University of Arizona, Department of Computer Science

CSc 120: Sequence Similarity

Expected Behavior

Write a Python function seq_sim(seq1, seq2, k) that takes as arguments two strings seq1 and seq2 and an integer k, and returns a floating point value between 0 and 1 (inclusive) giving the similarity between seq1 and seq2. The similarity value should be computed as the Jaccard index applied to the sets of k-grams of seq1 and seq2 (where k is the third argument to the function). See Algorithm A1 on the phylogenetic problem spec for details of the algorithm.

You can use the code from the previous short problem as a helper function for this problem.

You can assume that both seq1 and seq2 have length at least k.

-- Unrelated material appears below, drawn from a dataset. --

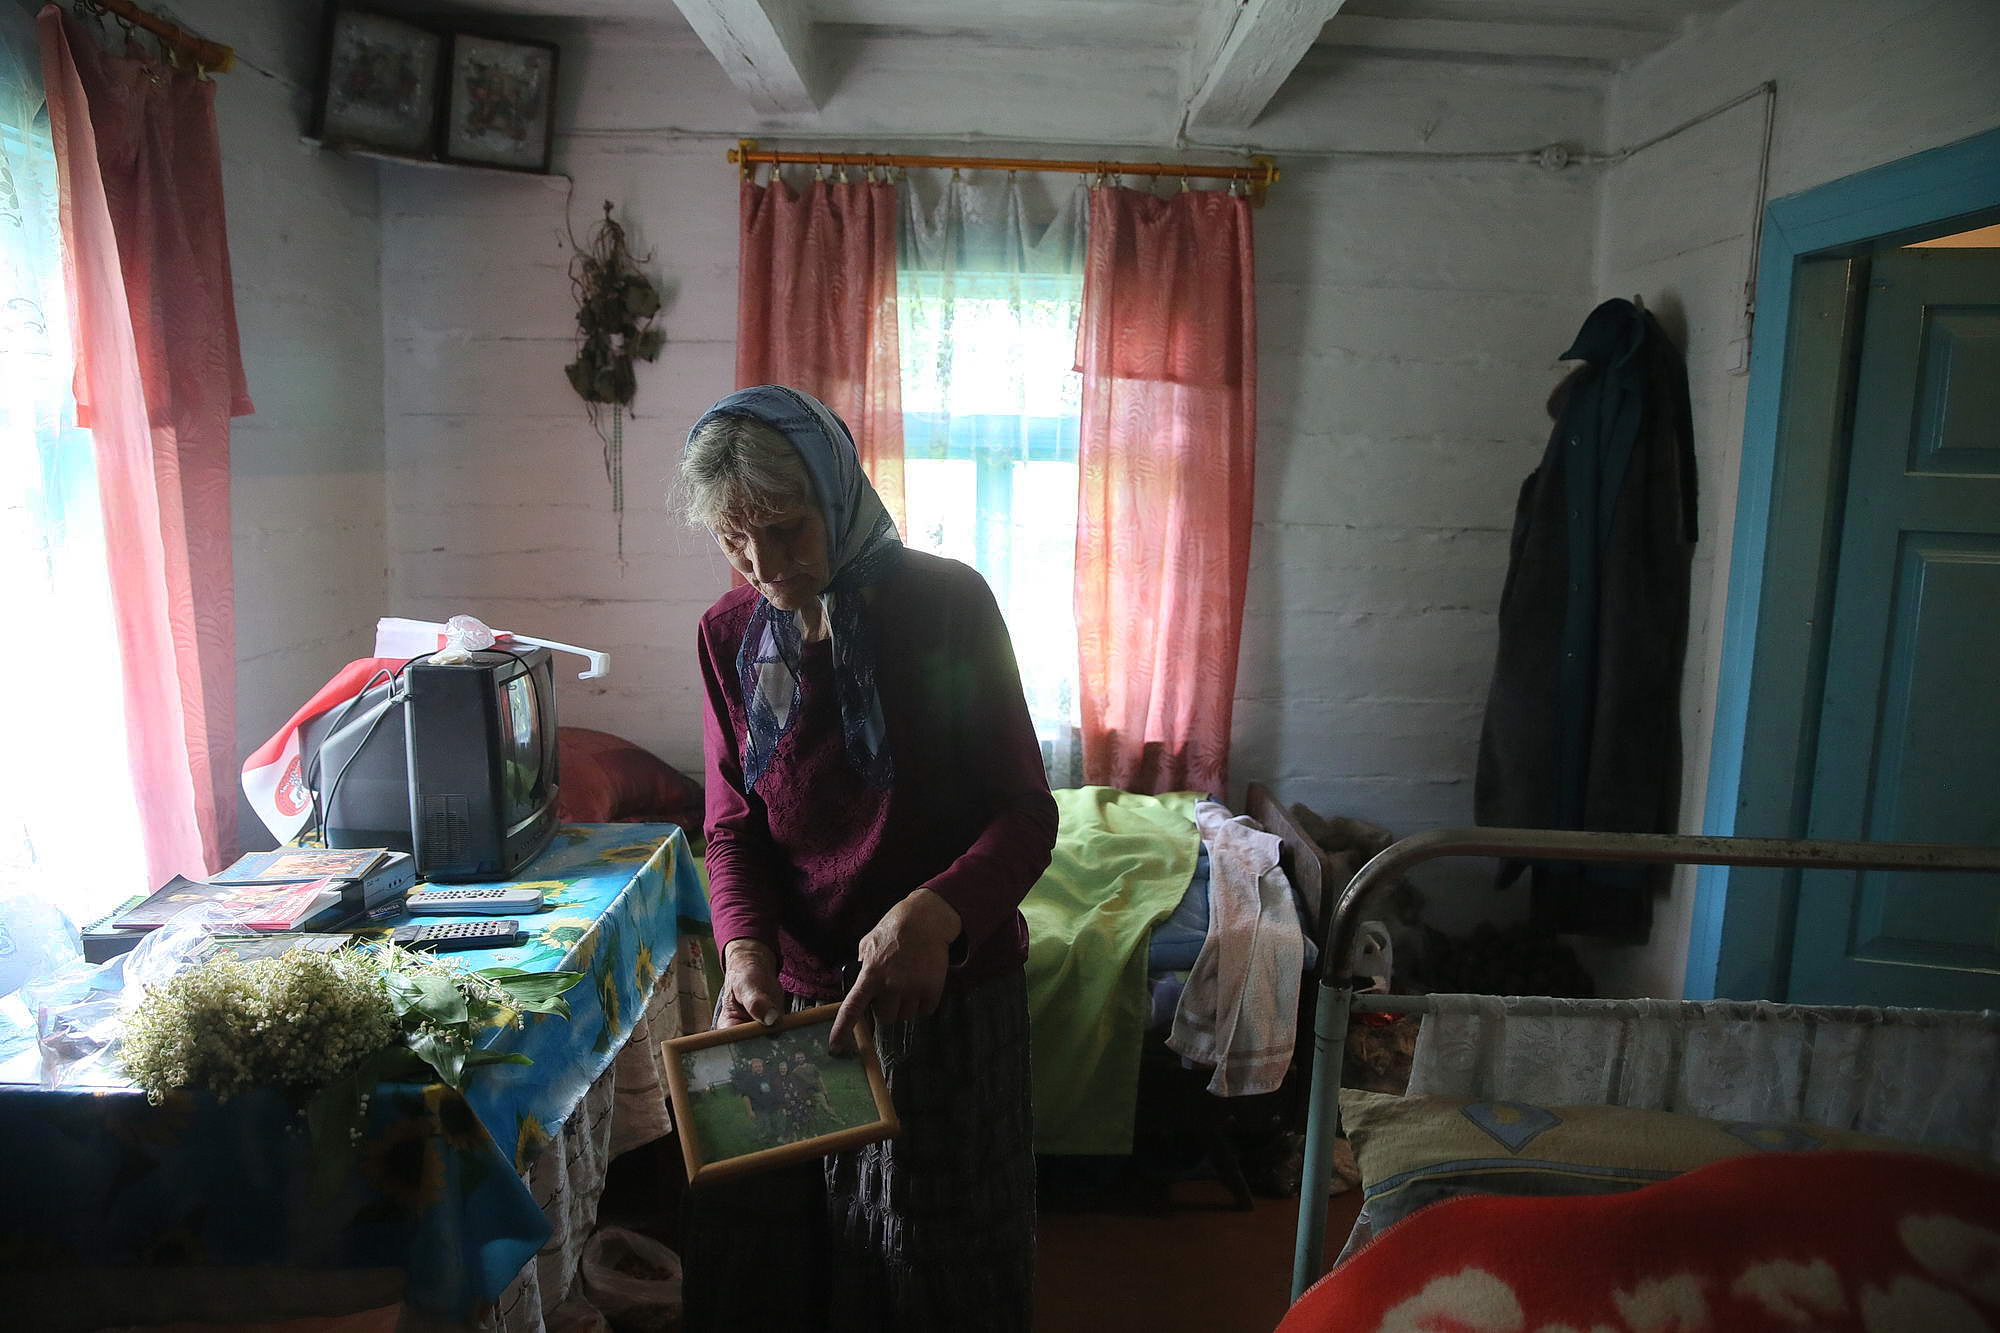 Oleksandra Vaseiko shows a photo of her with two Polish historians in her house in the village of Sokil in Volyn Oblast.

IMPORTANT: CloudCoder runs Python 2 while we have used Python 3 for our class. One of the differences between Python 2 and Python 3 is that in Python 2, the '/' operator implements integer division (i.e., 1/2 evaluates to 0) while in Python 3 the '/' operator implements floating-point division. You can get around this problem by writing float(num1)/float(num2) in CloudCoder to compute the floating point result of dividing num1 by num2.

Examples

  1. Call: seq_sim('aaaaaaaaaa', 'aaaa', 3)
    Return value: 1.0

  2. Call: seq_sim('aaaaab', 'aaaaaa', 3)
    Return value: 0.5

  3. Call: seq_sim('aabaacaad', 'abaaba', 3)
    Return value: 0.42857142857142855

  4. Call: seq_sim('aabaacaad', 'abaaba', 4)
    Return value: 0.2857142857142857